Tuesday, January 19, 2010

Of Iran and Oil

Among the few countries that have a substantial influence over the prices of crude oil and natural gas, Iran is probably the most feared by the international community due to its strategic, geographic and geopolitical position in the Middle East and Central Asia.

Regularly coming into economic conflict with the United States over the last few years, Iran has successively rebuffed calls for it to expand the production level of the OPEC, threatened to take control of the Strait of Hormuz - where half of the world’s oil production is transported weekly, allegedly supported terrorist groups in Lebanon and Palestine and, in 2007, threatened to bomb half of the off-shore oil and natural gas platforms in the Caspian Sea if the Americans didn’t remove their troops from Azerbaijan.

There are a wide range of factors that influence oil prices, from piracy in the Indian Ocean to a rise in Chinese demand. But Iran now holds a special spot on the list since geopolitics have moved it center-stage.

It’s important to remember that Iran is the world’s fourth largest oil producer and also possesses the world’s second largest natural gas reserve. By such standards, Iran could hold half of the world hostage in terms of energy. So why hasn’t it happened yet?


Iran needs the Western world to buy its oil and its natural gas because, just like every country across the globe that relies on natural resources for the survival of its economy, the Islamic Republic needs to eat, needs to finance its infrastructures, needs to pay for its nuclear program and its military equipment.

The problem is that Iran has allied itself with one of the most feared countries in the world in terms of energy and military power, the one and only motherland: Russia. The same Russia that has been providing Iran with unique missile guiding systems, with the latest Sukhoï and MIG combat planes, with access to some information on civil nuclear engineering, and the same country that was given an offer to join the OPEC two months ago by the same man who represents the Islamic Republic: Mahmoud Ahmadinejad.

Furthering this process, Iran recently offered Russia, Venezuela and a few Caspian Sea countries a place in the formation of a new cartel to control natural gas markets, using the same model as the OPEC. The day following this announcement, oil prices soared by $10 and natural gas prices followed by about the same amount.

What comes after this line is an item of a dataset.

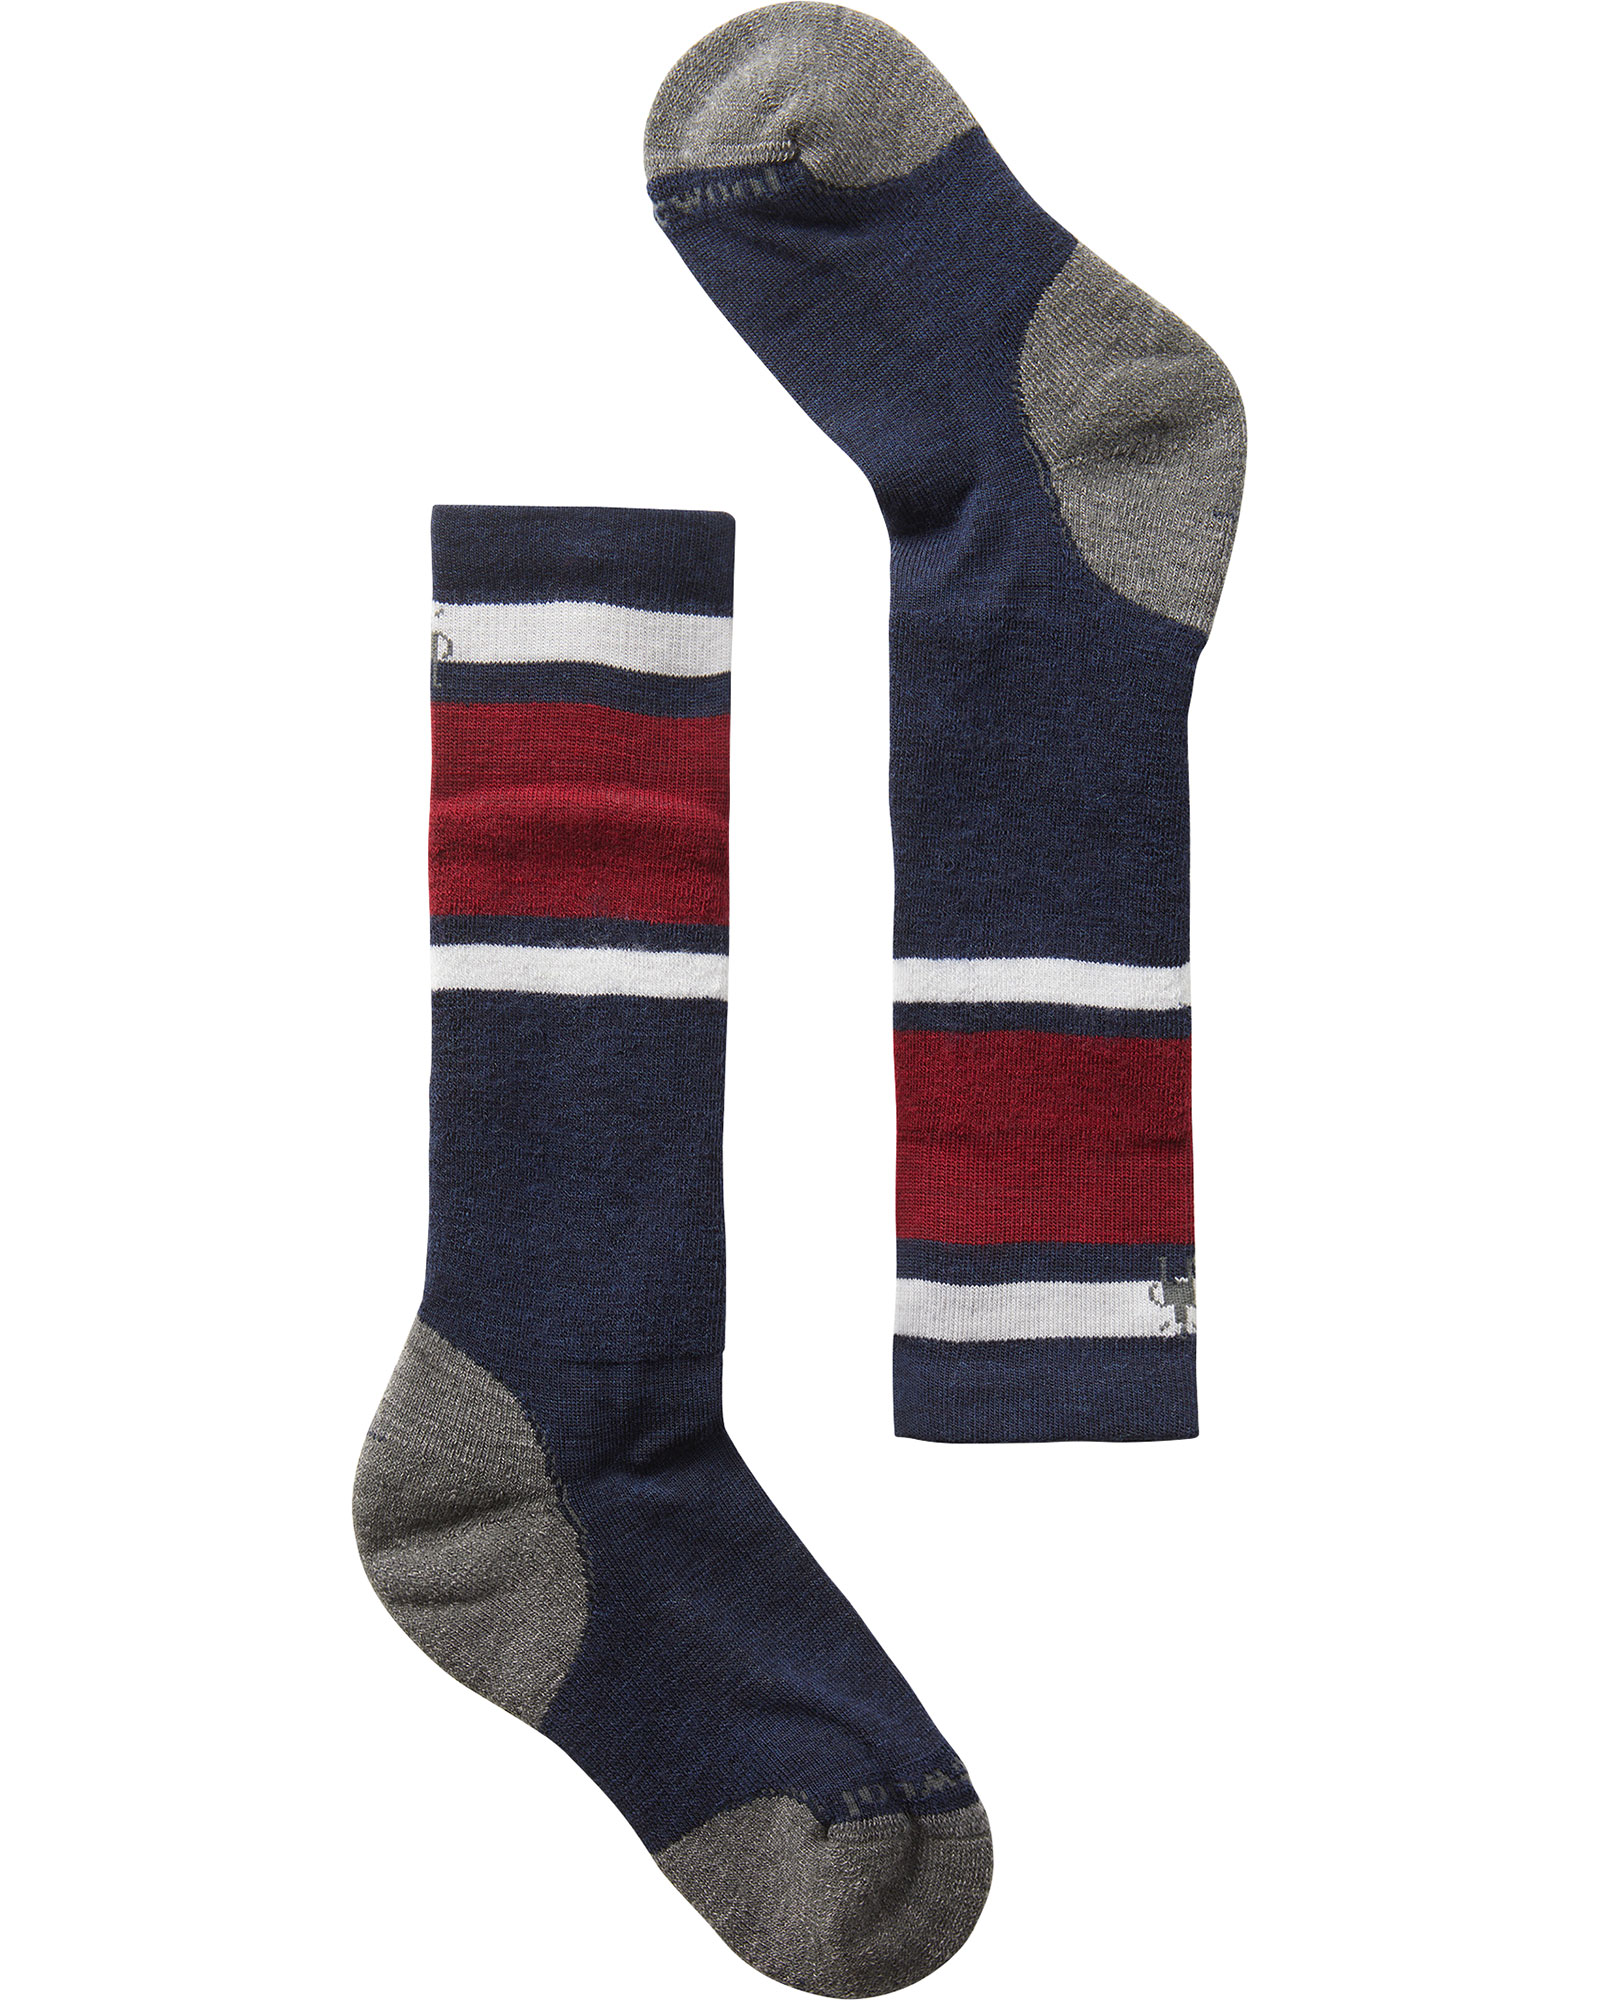 Smartwool Wintersport Full Cushion Kids’ Socks - Deep Navy L

From a technical point of view, Iran cannot by itself determine the new crude oil prices, it requires the agreement of a majority of the OPEC council. From a practical point of view, it can influence it greatly, and at a very impressive speed.
Over the course of 2008, crude oil price went up six times, leading to a ceiling price of $147 per barrel before going down again. Every single time, the rise in prices was the direct result of an action taken by Iran: testing new mid-range missiles, announcing the possibility of a cut in OPEC production, announcing civil nuclear tests, etc.

Overall, Iran has a considerable influence over crude oil and natural gas prices, but it’s never been very technical. One must understand the nature of Iranian provocation, and not respond to it by creating a “risk premium” or “fear premium” of $15. The western world still needs to learn how to do that, and it could take a few lessons from Russia on the matter.